Repustate has developed its own part of speech tagger for each language used. Part of speech tagging is done by first accumulating a massive corpus of pre-tagged text (i.e. humans have gone through and tagged words into their respective part of speech tags). With this information, Repustate trains a part of speech tagger and relies on probabilities to determine the correct part of speech for a given word in a given context. For example, the word “like” can be a verb (“I like you”) and a preposition (“He looks like his brother”). In the first case, “like” connotes positive sentiment, but in the second case, it does not.
In English, there are a handful of words that have this double (or triple) meaning where in some context, a word has sentiment, and in others it doesn’t. But it gets quite complex while doing Arabic sentiment analysis, as in Arabic, the words can have up to 12 different meanings given the surrounding context.
To accurately perform sentiment, you need a very finely tuned and well trained part of speech tagger. It must be language specific as some languages have a much more complex morphology than others.

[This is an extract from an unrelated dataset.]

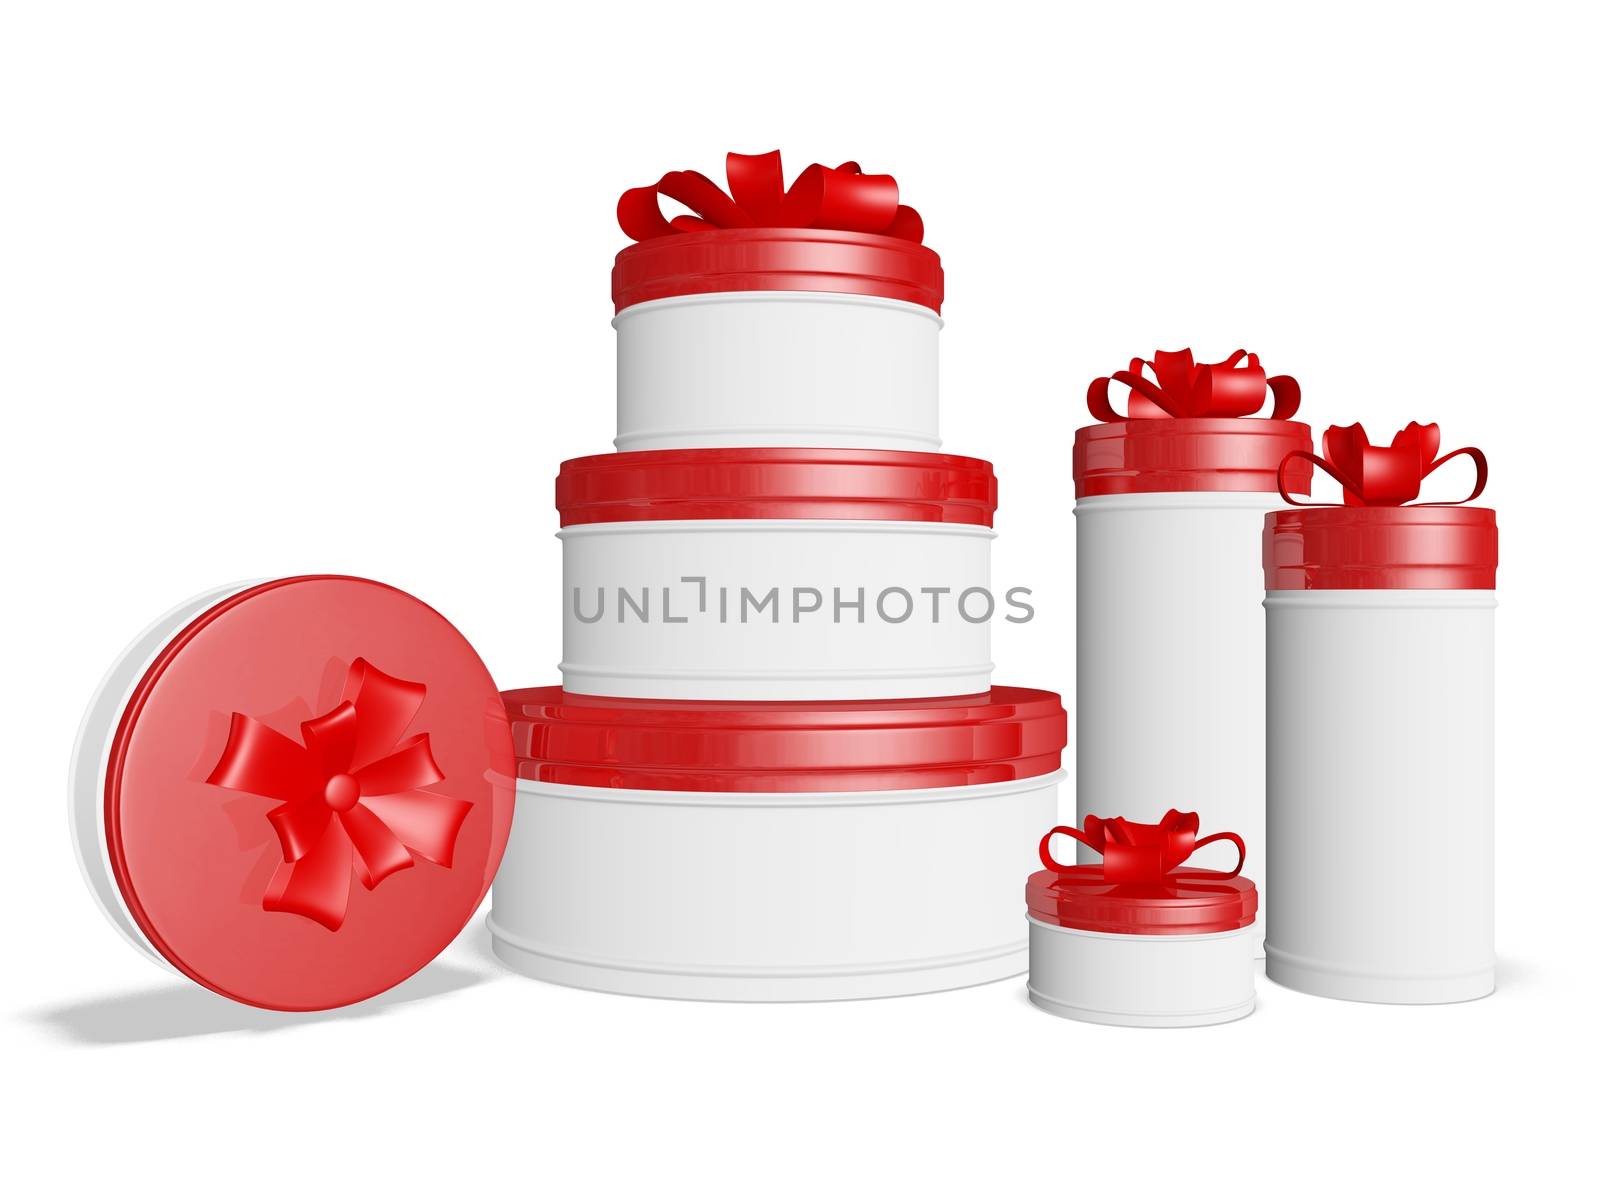 The 3D illustration has lots of round gift boxes with red lids and festive bow ribbons. It is ideal for use in festival, celebration, occasion, gifting and discount sales concepts.

The next step is to lemmatize each word where applicable. Lemmatization is the process of determining the root of a word. For example, “loved”, “loving”, “lover” are all based on the root word “love”. To make sure no word goes unanalyzed, a proper lemmatizer is required and again, it must be language specific. The rules of conjugating nouns and verbs based on number, gender, tense etc. differ wildly from language to language. Repustate handles this all for each language.
There are many words that even without any surrounding context, immediately connote sentiment. Words like “love”, “hate”, “despise” etc. have an immediate polarizing effect. Sentiment analysis relies on having an exhaustive list of terms that have prior polarity in order to provide a foundation for determining sentiment.
We almost have all the tools we need, but if we stopped right here, Repustate’s sentiment analysis would be inaccurate in any but the most trivial cases. Repustate now layers on nuanced grammatical aspects, unique to each language, including negations and amplifiers.
A negation reverses the polarity of the following (or sometimes, preceding) term. Consider the difference between “I like coffee” and “I do not like coffee”. In some languages, the negation comes first, in some, it comes after, and in some it appears at the end of the sentence (Turkish for example). Repustate is aware of all these language specific nuances.
The phrase “could not have been” is what we call an “amplifier”. Even though it contains a negation (“not”), what it actually does is amplify the term or phrase that follows it (e.g. “This vacation could not have been better”) Conjunctions and subordinate clauses often act to contradict their preceding component. Consider the phrase “I wanted to like the movie, but it was so boring”. The first half of the sentence indicates positive sentiment but the conjunction “but” then works to counter the sentiment.
Negations, amplifiers and other grammatical constructs are what make determining sentiment complex. Repustate’s sentiment analysis handles these complexities quickly and thoroughly for all languages.
Repustate uses machine learning to calculate a sentiment score that combines various factors including the presence of terms with prior polarity, any negations, amplifiers or other grammatical constructs, as well as the length of the text. Shorter text with a high ratio of polarizing terms to non-polarizing terms leads to a score closer to the bounds of -1 (true negative) and 1 (true positive). A score of 0 or very close to 0 (±0.05) can be interpreted as being neutral; either there was no sentiment expressed or it was ambiguous.
Repustate provides sentiment analysis for 23 languages including: English, Portoguese, Italian, Swedish, Finnish, French, Thai, Korean, Spanish, Urdu, Arabic, Dutch, Danish, Chinese, German, Turkish, Hebrew, Russian, Malaysian, Polish, Japanese, Indonesian and Norwegian.